In Belgium, shopkeepers are limited in their right to trade on Sundays or after 8pm. The Belgian liberal party has introduced a proposal to amend the Statute of 10 November 2006 regarding opening hours in commerce, crafts and services, in order to allow shops to open until 10pm.
Open for business
Currently, shops in Belgium can only be open from 5am until 8pm (or 9pm on Fridays or on days before national holidays). Each shop must, furthermore, close for at least 24 hours starting on Sunday at 5am or 1pm.

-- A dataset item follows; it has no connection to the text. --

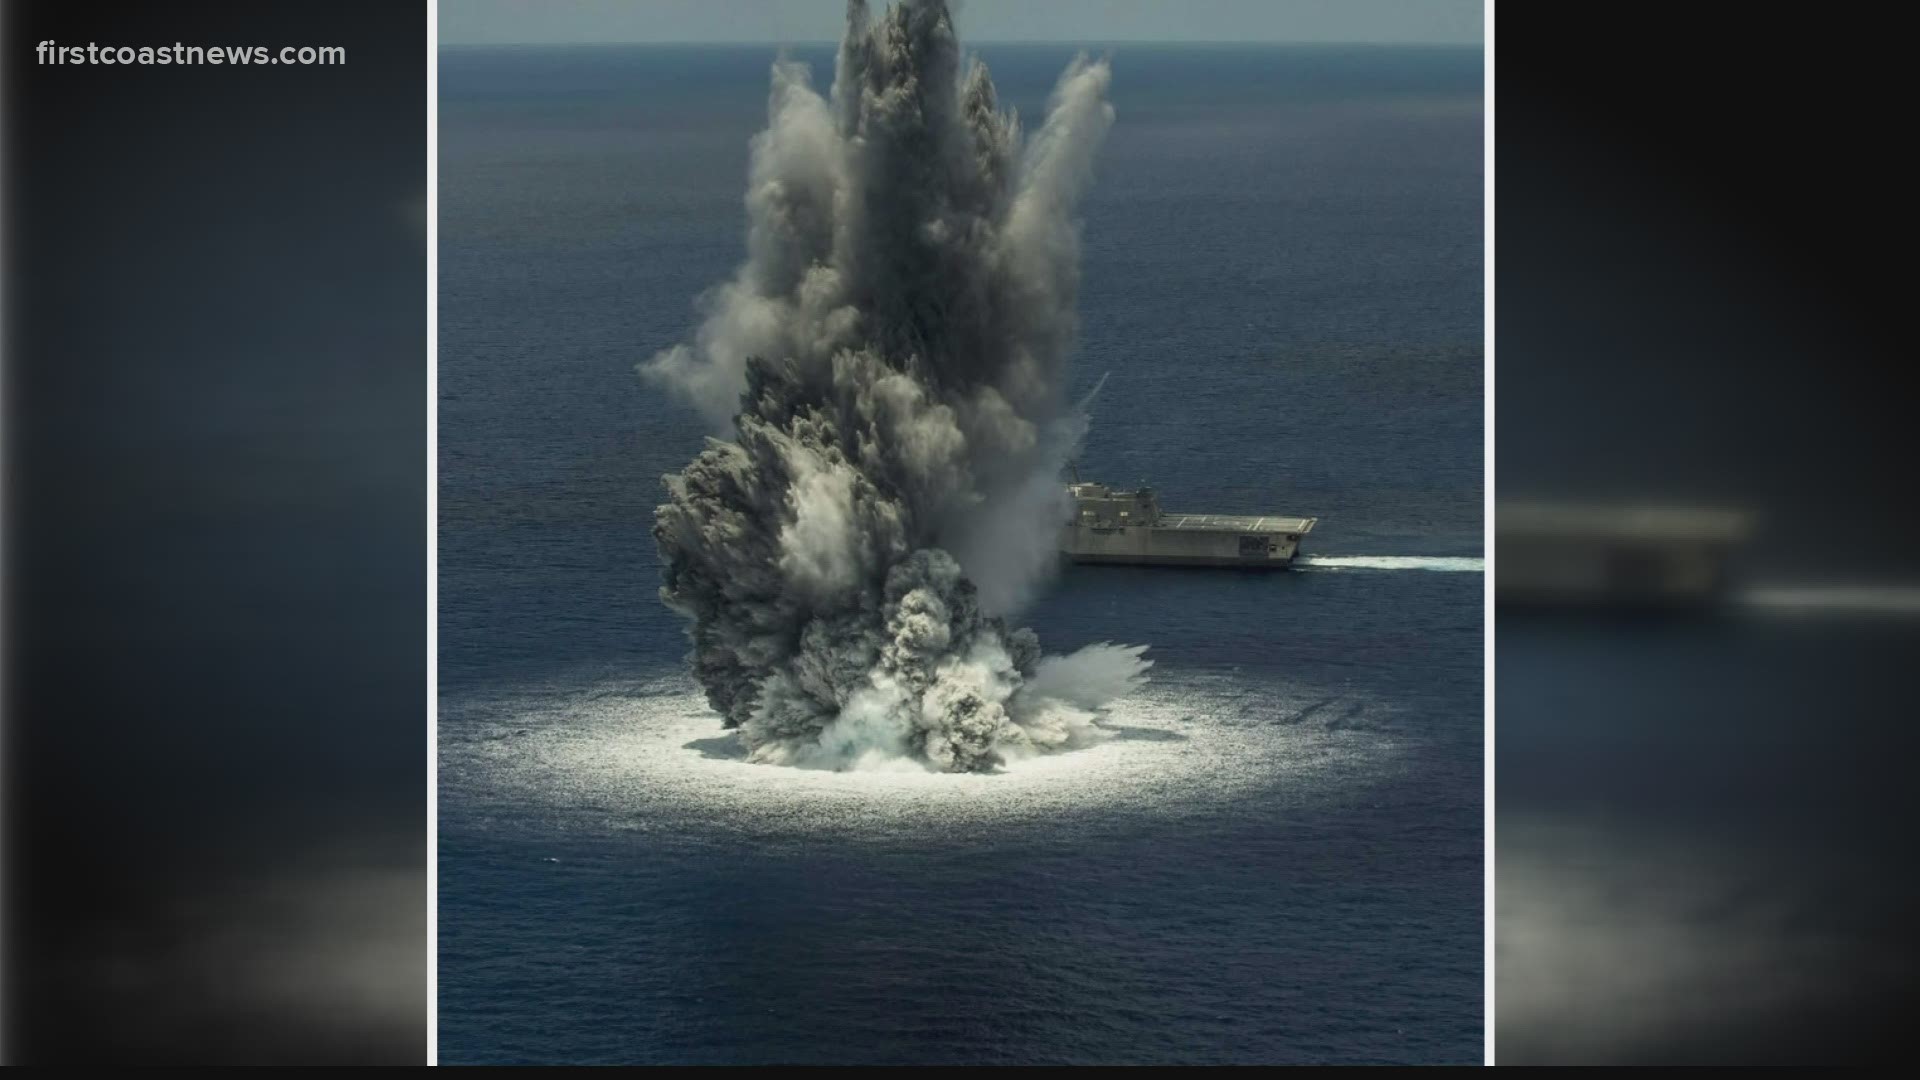 Military test explosion reported off Florida's coast

Numerous exceptions to these rules apply. The most important exception is the recognition of an area as a tourist area by the Minister of the Economy, which allows shops to open every Sunday of the year and to remain open past 8pm. All coastal communities benefit from this exception.
Without staff?
Even if one manages to obtain the authorization to open past 8pm or on Sundays, the difficulty will be in getting the shop staffed, since, as a general rule, Belgian employment law forbids the employment of staff on Sundays.
A second recognition of an area as a tourist area, now by the Minister of Employment, resolves this problem, but only partially. Such a recognition only allows for employment of personnel on Sundays in the following periods:
- 1 May to 30 September
- Christmas and Easter holidays
- Thirteen additional Sundays a year, to be chosen freely by the undertakings during the remaining periods of the year.
In the retail sector, another six Sundays can be added for undertakings that are members of a particular industry sector (Paritair Comité 201.00).
There is thus a discrepancy between, on the one hand, the possibility for all shops located in tourist areas to be open the whole year (seven days per week) and, on the other hand, the labour law regulations that at best only allow the employment of personnel for 45 Sundays a year. Some indecisive court decisions uphold that the combination of these rules must be assessed per employee, so that the shop can be open on all Sundays, but just not with the same employees working every Sunday.
The proposal of law currently discussed only tackles the issue of the prohibition on opening past 8pm and would thus only benefit independent shopkeepers that do not need employees to operate their business.